E-invoicing in public procurement expected to save over HRK 2 bn

Photo /Vijesti/2018/06 lipanj/7 lipnja/100sjednica.jpg

The government on Thursday sent to parliament a bill on electronic invoices in public procurement to accelerate and automatise doing business and reduce its costs in the hope of saving over HRK 2 billion annually.

Due to the lack of a proper legal framework, many businesses have been using the paper and electronic systems, which has meant higher costs.

"With the establishment of an integral electronic public procurement system, we expect to save between 6% and 13%. Given the volume of public procurement, which amounts to HRK 44 billion, we predict to save more than HRK 2 billion, primarily in small procurement, which makes up almost 23% of the total volume," said Economy Minister Darko Horvat.

The bill stipulates the obligation to accept e-invoices in public procurement as of 1 December 2018 and the obligation to issue them as of 1 July 2019, he said, adding that the European directive on e-invoicing in public procurement obliged the 5,000 subjects involved in public procurement in Croatia to accept electronic invoices in line with EU norms.

The new law will also apply to public procurement of goods and services worth less than HRK 200,000 which will significantly increase the volume of e-invoicing, said Horvat.

The Economy Ministry will set aside HRK 4 million over the next three years to implement the law. Electronic invoicing will reduce administrative costs, enable full transparency of the fiscal effect in public procurement, and facilitate tax control.

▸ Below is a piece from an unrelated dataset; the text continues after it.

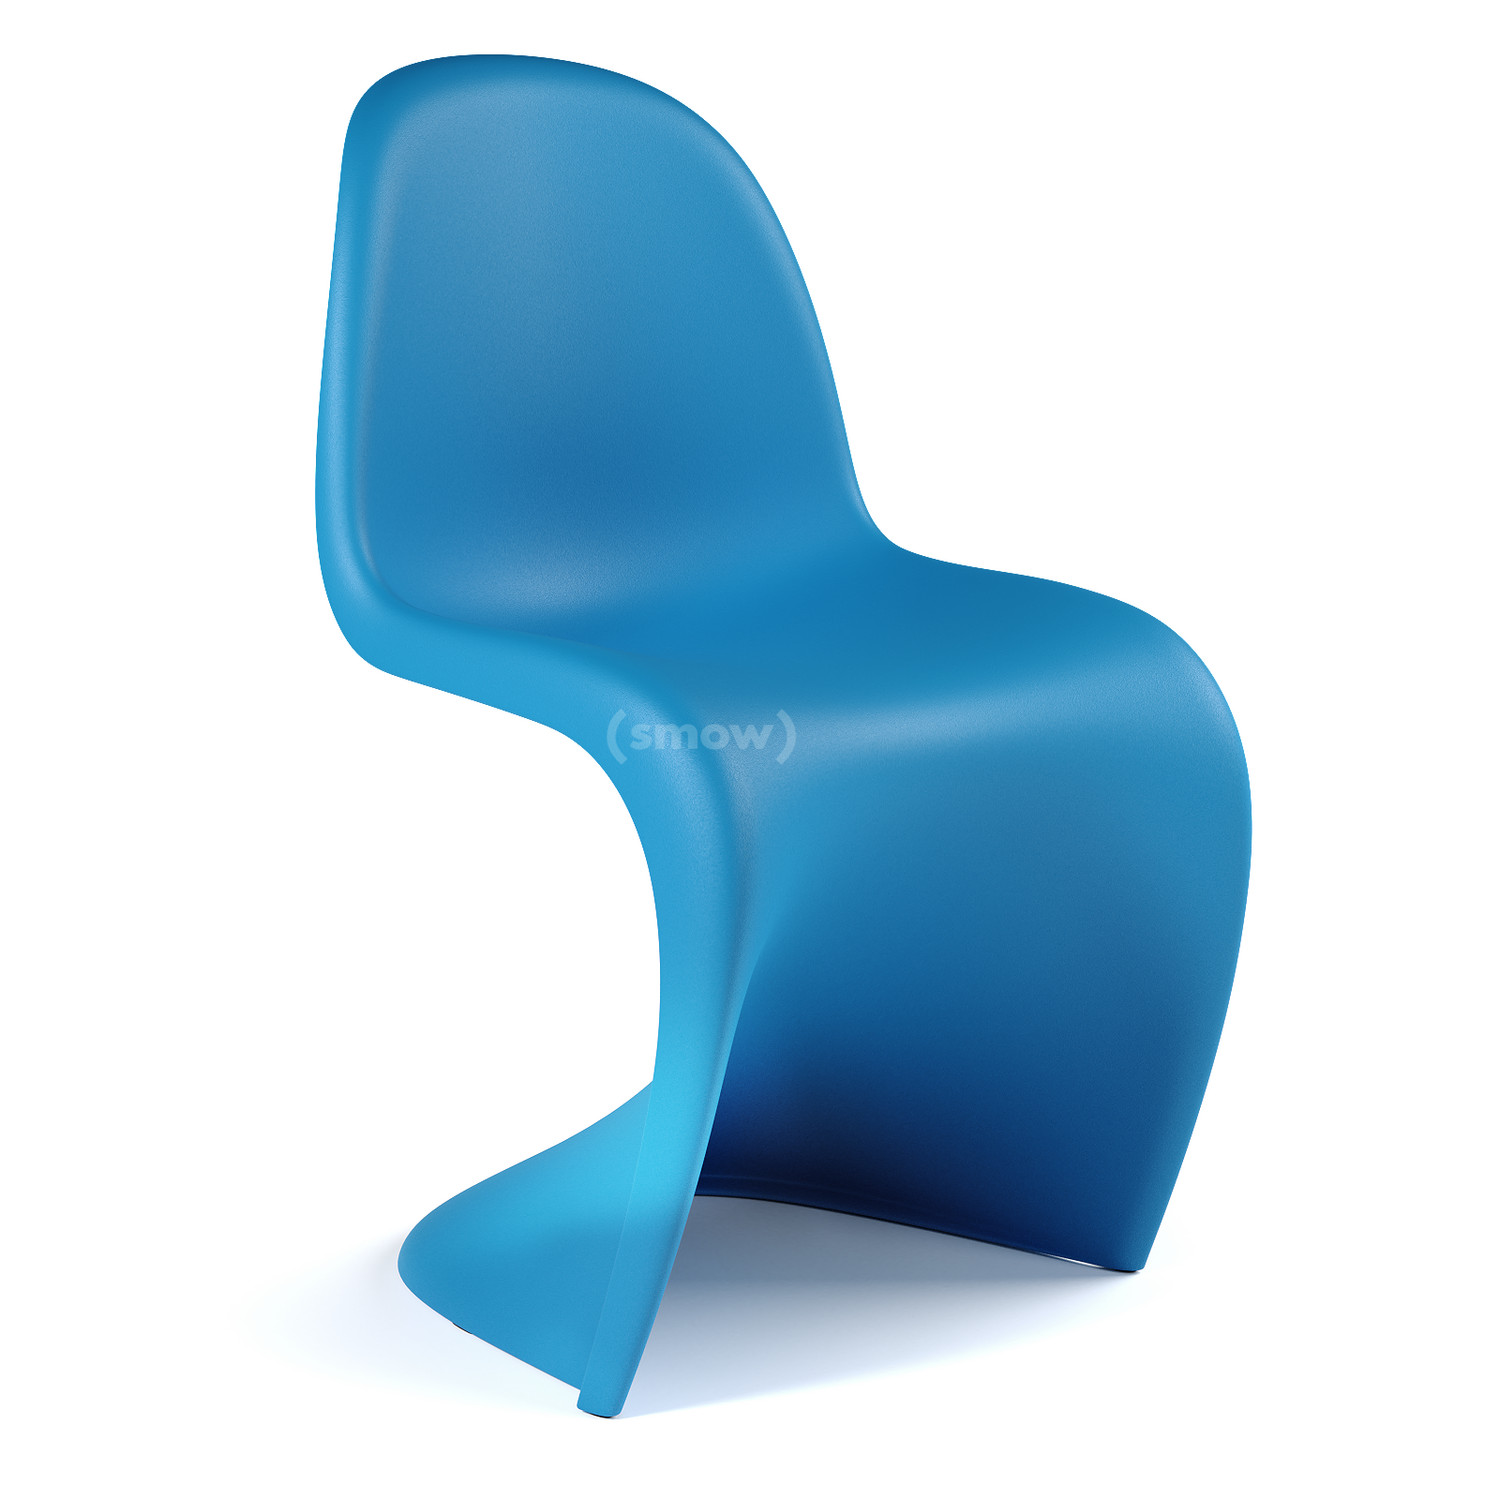 Vitra Panton Chair, Glacier blue by Verner Panton, 1999 - Designer by smow.com

The government on Thursday sent to parliament a final bill  on municipal services.

The current law was adopted in 1995 and was amended 18 times, the state secretary at the Construction and Physical Planning Ministry, Danijel Mestric, said at a cabinet session.

The new law will establish a municipal services system aligned with laws on water supply and drainage, waste management, funeral service, concessions, physical planning and public procurement, he said.

The implementation of the new law will not require additional funds in the national or local government budgets.

A final bill regulating the management of archive materials and archives, that paves the way for the functioning of archives in the digital era, was put forward by the government to the parliament on Thursday.

We expect the provisions of this bill that make it possible for digital operations in the digital format to be stored in archives, which will considerably reduce the costs of doing business, Culture Minister Nina Obuljen Korzinek said.

She underscored the liberalisation of access to archival materials by this new law.

It is a crucial novelty whereby we make archival materials available as much as possible in comparison to previous procedures, the minister said.

The bill also envisages the elimination of the "thirty-year rule" under which, until now, archived  documents could be released publicly only thirty years after they were created.

Furthermore, materials which were created between 1945 and 30 May 1990 and stored in the archives will now be made available without restrictions, except when it comes to classified personal data.

The government also put forward to the parliament a bill on museums envisaging the strengthening of the role of the Museum Documentation Centre.

Also, a final bill on audiovisual  services was formulated by the government and it specifies more precisely the procedure for the selection of Croatian Audio Visual Centre (HAVC) members, their powers, and defines more clearly the funding of HAVC's operation, funding granted under the national programme for the development of audiovisual services and funding for the promotion of investment in the production of AV material.

To prevent possible conflicts of interest, the institution of a deputy member of the Audiovisual Council has been introduced.

Grants for shooting films in underdeveloped Croatian regions will be made available.